Full Jitter (Recommended):

delay = random(0, min(max_delay, base_delay * 2^attempt))

Provides maximum distribution, best for high-concurrency scenarios.

Equal Jitter:

temp = min(max_delay, base_delay * 2^attempt)
delay = temp/2 + random(0, temp/2)

Guarantees a minimum wait while adding randomness.

Decorrelated Jitter:

delay = min(max_delay, random(base_delay, prev_delay * 3))

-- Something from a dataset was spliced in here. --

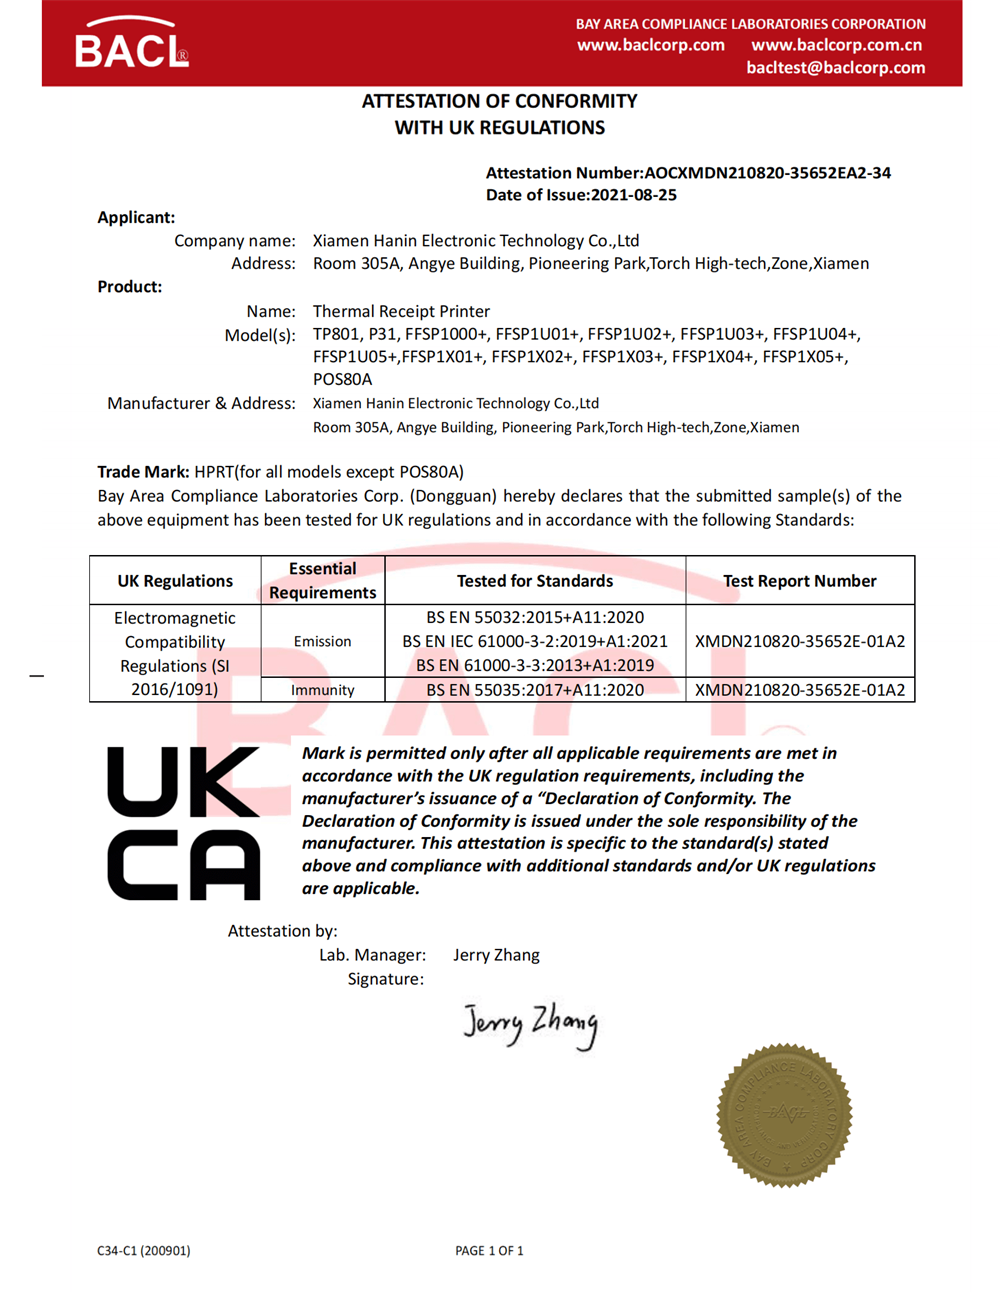 UKCA certificate

Creates more variation between retries, further reducing correlation.

Implementation Examples

Go Implementation

package retry

import (
    "context"
    "errors"
    "math"
    "math/rand"
    "time"
)

type Config struct {
    BaseDelay  time.Duration
    MaxDelay   time.Duration
    MaxRetries int
}

// RetryableFunc is a function that can be retried
type RetryableFunc func(ctx context.Context) error

// ShouldRetry determines if an error is retryable
type ShouldRetry func(error) bool

// WithExponentialBackoff retries a function with exponential backoff and jitter
func WithExponentialBackoff(
    ctx context.Context,
    cfg Config,
    shouldRetry ShouldRetry,
    fn RetryableFunc,
) error {
    var lastErr error
    
    for attempt := 0; attempt <= cfg.MaxRetries; attempt++ {
        // First attempt doesn't need delay
        if attempt > 0 {
            delay := calculateDelay(cfg, attempt)
            
            select {
            case <-time.After(delay):
            case <-ctx.Done():
                return ctx.Err()
            }
        }
        
        lastErr = fn(ctx)
        
        // Success
        if lastErr == nil {
            return nil
        }
        
        // Non-retryable error
        if !shouldRetry(lastErr) {
            return lastErr
        }
        
        // Context cancelled/deadline exceeded
        if ctx.Err() != nil {
            return ctx.Err()
        }
    }
    
    return errors.New("max retries exceeded: " + lastErr.Error())
}

// calculateDelay implements full jitter exponential backoff
func calculateDelay(cfg Config, attempt int) time.Duration {
    // Calculate exponential delay
    expDelay := float64(cfg.BaseDelay) * math.Pow(2, float64(attempt-1))
    
    // Cap at max delay
    maxJitter := math.Min(expDelay, float64(cfg.MaxDelay))
    
    // Apply full jitter: random between 0 and maxJitter
    jitter := rand.Float64() * maxJitter
    
    return time.Duration(jitter)
}

// Common retryable error patterns
func IsRetryable(err error) bool {
    if err == nil {
        return false
    }
    
    // Retryable conditions
    switch {
    case errors.Is(err, context.DeadlineExceeded):
        return true
    case errors.Is(err, ErrServiceUnavailable):
        return true
    case errors.Is(err, ErrRateLimited):
        return true
    case errors.Is(err, ErrConnectionFailed):
        return true
    default:
        return false
    }
}

Usage example:

func FetchData(ctx context.Context, url string) ([]byte, error) {
    var result []byte
    
    cfg := retry.Config{
        BaseDelay:  100 * time.Millisecond,
        MaxDelay:   10 * time.Second,
        MaxRetries: 5,
    }
    
    err := retry.WithExponentialBackoff(
        ctx,
        cfg,
        retry.IsRetryable,
        func(ctx context.Context) error {
            var err error
            result, err = httpClient.Get(ctx, url)
            return err
        },
    )
    
    return result, err
}

Python Implementation

import asyncio
import random
from typing import Callable, Optional, TypeVar
from dataclasses import dataclass

T = TypeVar('T')

@dataclass
class RetryConfig:
    base_delay: float = 0.1  # 100ms
    max_delay: float = 10.0  # 10 seconds
    max_retries: int = 5
    jitter: str = "full"  # "full", "equal", or "decorrelated"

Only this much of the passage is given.